Relational databases are generally made up of structured data (aka tables or relations) so it tends to be more rigid while non-relational databases are more dynamic, meaning there are less rules surrounding data-format. Non-relational databases can be represented as a graph or a simple KV table.

Relational databases are 'safe' in that the format of the data you insert and query are guaranteed. It's harder to horizontally scale relational databases since a common query can fetch and process multiple tables and rows, so they tend to be scaled up vertically. Additionally, they've been around for a while and many of the existing relational database management systems are ACID-compliant, meaning they meet some reliability guarantees.

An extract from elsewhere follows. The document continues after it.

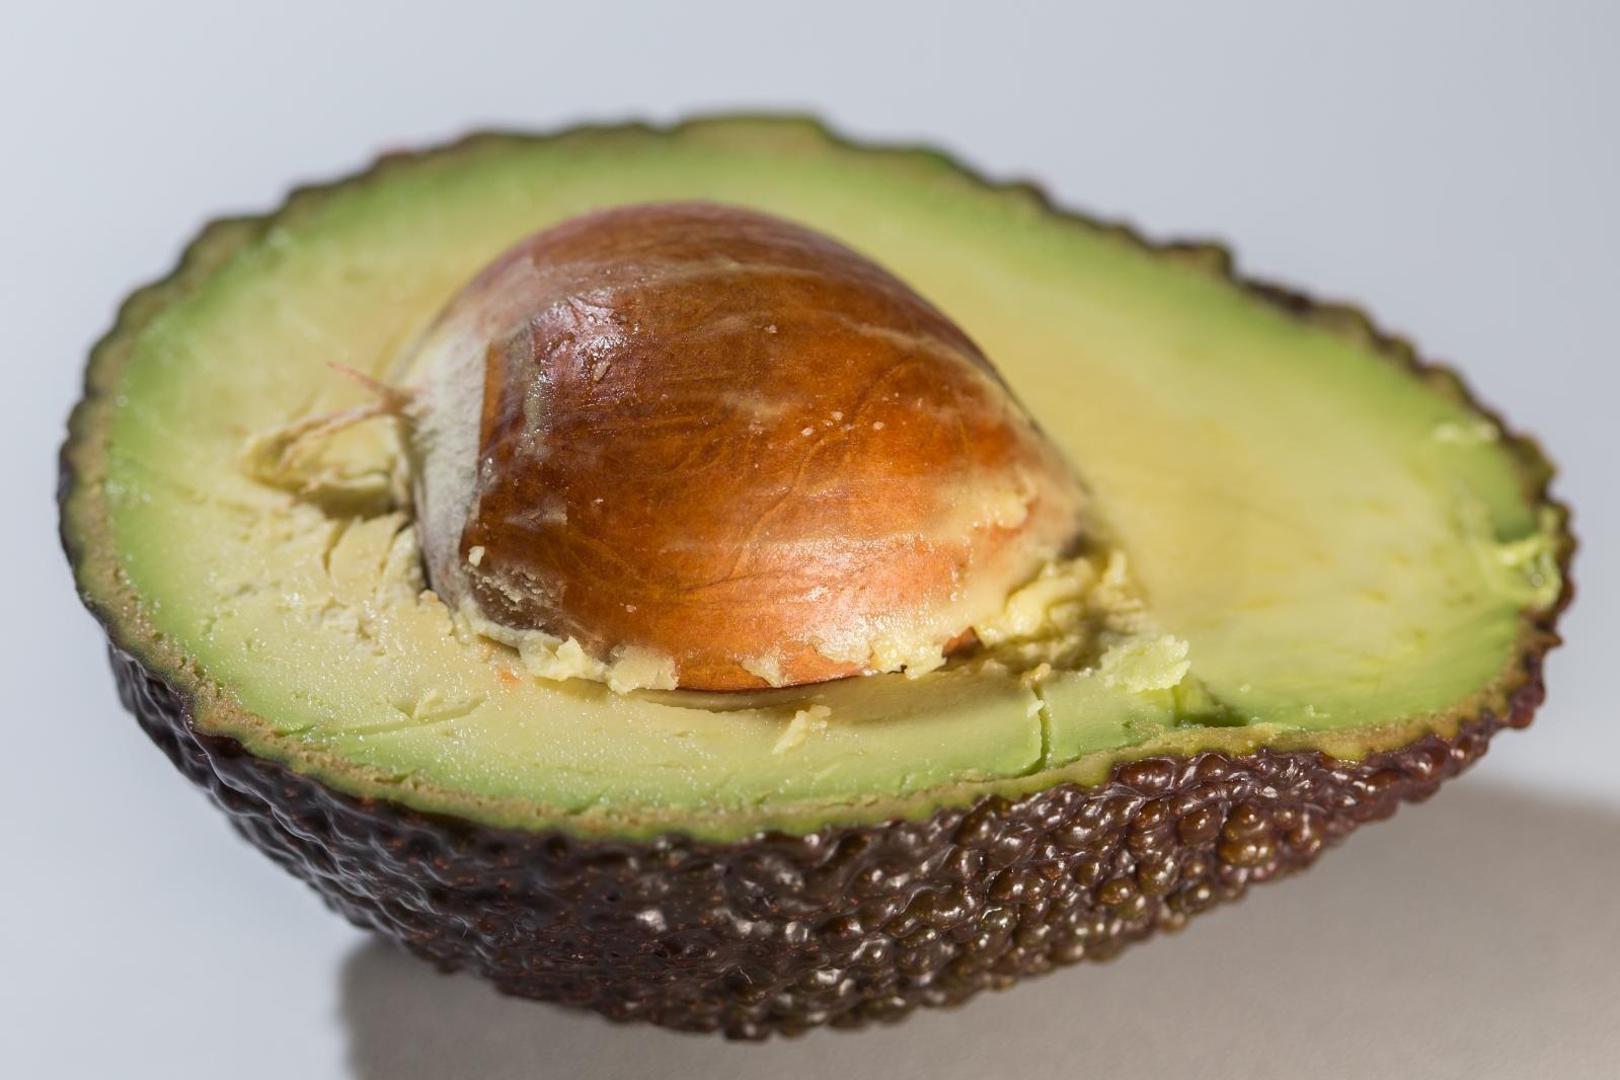 7. AVOKADO - Zbog bogatstva zdravim mastima, avokado snižava kolesterol za oko 22 posto. Jedan avokado sadrži više od pola potrebnog dnevnog unosa vlakana i 40 posto folata koji su vam potrebni svakodnevno.
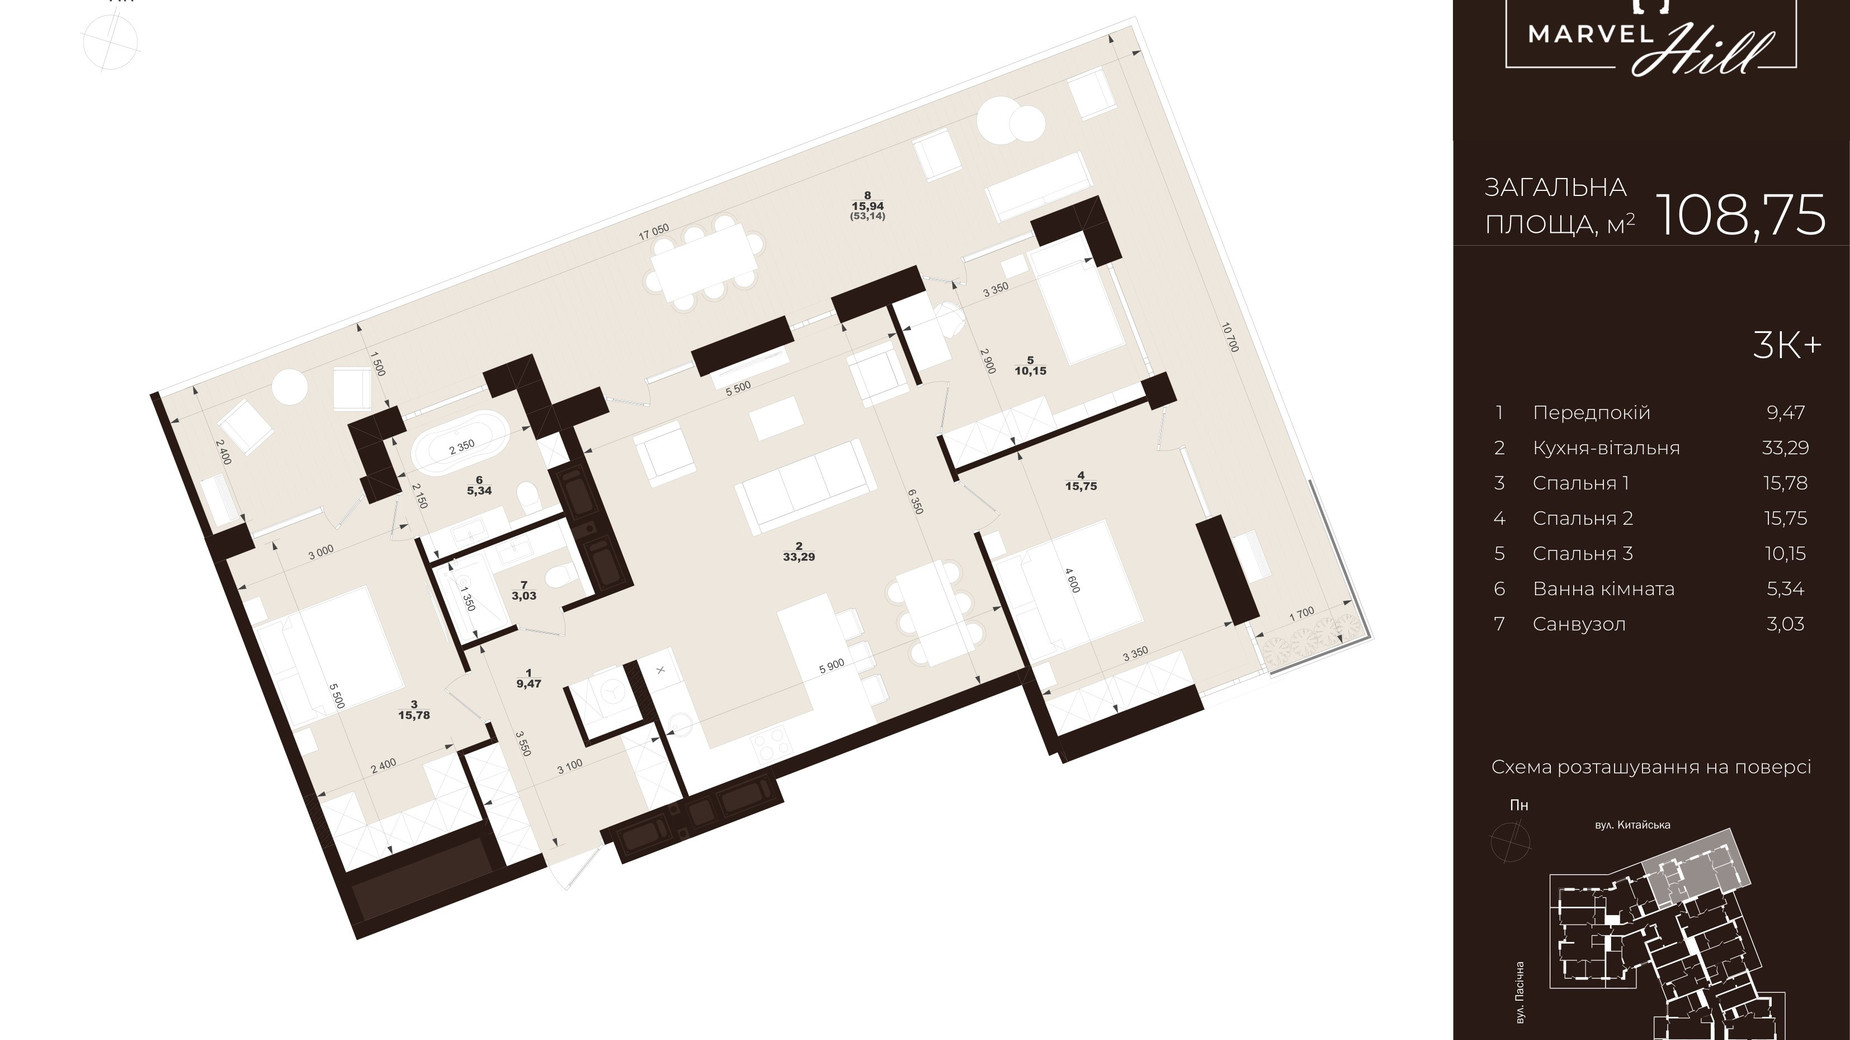 Планировка 3-комнатной квартиры в ЖК Marvel Hill 108.75 м², фото 602102

Non-relational databases tend to be less focused on fetching and processing multiple tables and rows, but more on horizontal scalability and performance. Instead of having structured data, their data tends to be unstructured and they leave the processing to the clients. They're newer and many NoSQL databases don't fully support ACID the way that relational databases do, IIUC.

There are three types of NoSQL databases (KV, Document, Graph). Explain each in your own words and some of the strengths and weaknesses of each.

I'm going to lump KV and document-based databases into the same family, as they boil down to having some value (whether it's unstructured data or a document) keyed by some unique id. Document-based databases can additionally support more features that depend on the document itself (like indexing based on a field within the document) since it's loosely-structured. These databases tend to have less consistency guarantees, however they are very simple and easy to understand (and also easy to horizontally scale).

Graph databases store their data in a graph, where both nodes and edges contain data. The data in the edges link the data in the nodes together, so that they can be traversed and queried together easily. These types of databases are good for pieces of data that have many relations. Graph databases can be hard to shard (and therefore hard to horizontally scale), since you'd need to ensure that 'connected components' sit on the same shard. However, they are easy to visualize and some of their query languages enable us to do things like declaratively traverse all edges/vertices that contain X data.

What was your favorite query language this chapter? Why? Explore a query language you haven't tried before and try to explain its pros and cons.

SPARQL is my favorite query language in this chapter -- it's a nice and concise declarative language. I liked all the declarative query languages, but I picked SPARQL because it looked more concise. Declarative languages give people who work on the query-engine of these databases a lot of freedom and room for optimizations.

I'll be exploring PromQL.

Off the bat, I think the query language isn't very uniform and it's pretty hard to tell what's happening (under the hood) based on the query language. There's no clear order in operations, at least to me (see: sum(http_requests_total{method="GET"} offset 5m @ 1609746000)). It also looks like it's hard to 'join' timeseries together using this query language (I wasn't able to find something on their reference doc). OTOH, I guess this makes this query language pretty straight-forward and easy to use since it's so short and limited (despite the operations being all over place, IMO).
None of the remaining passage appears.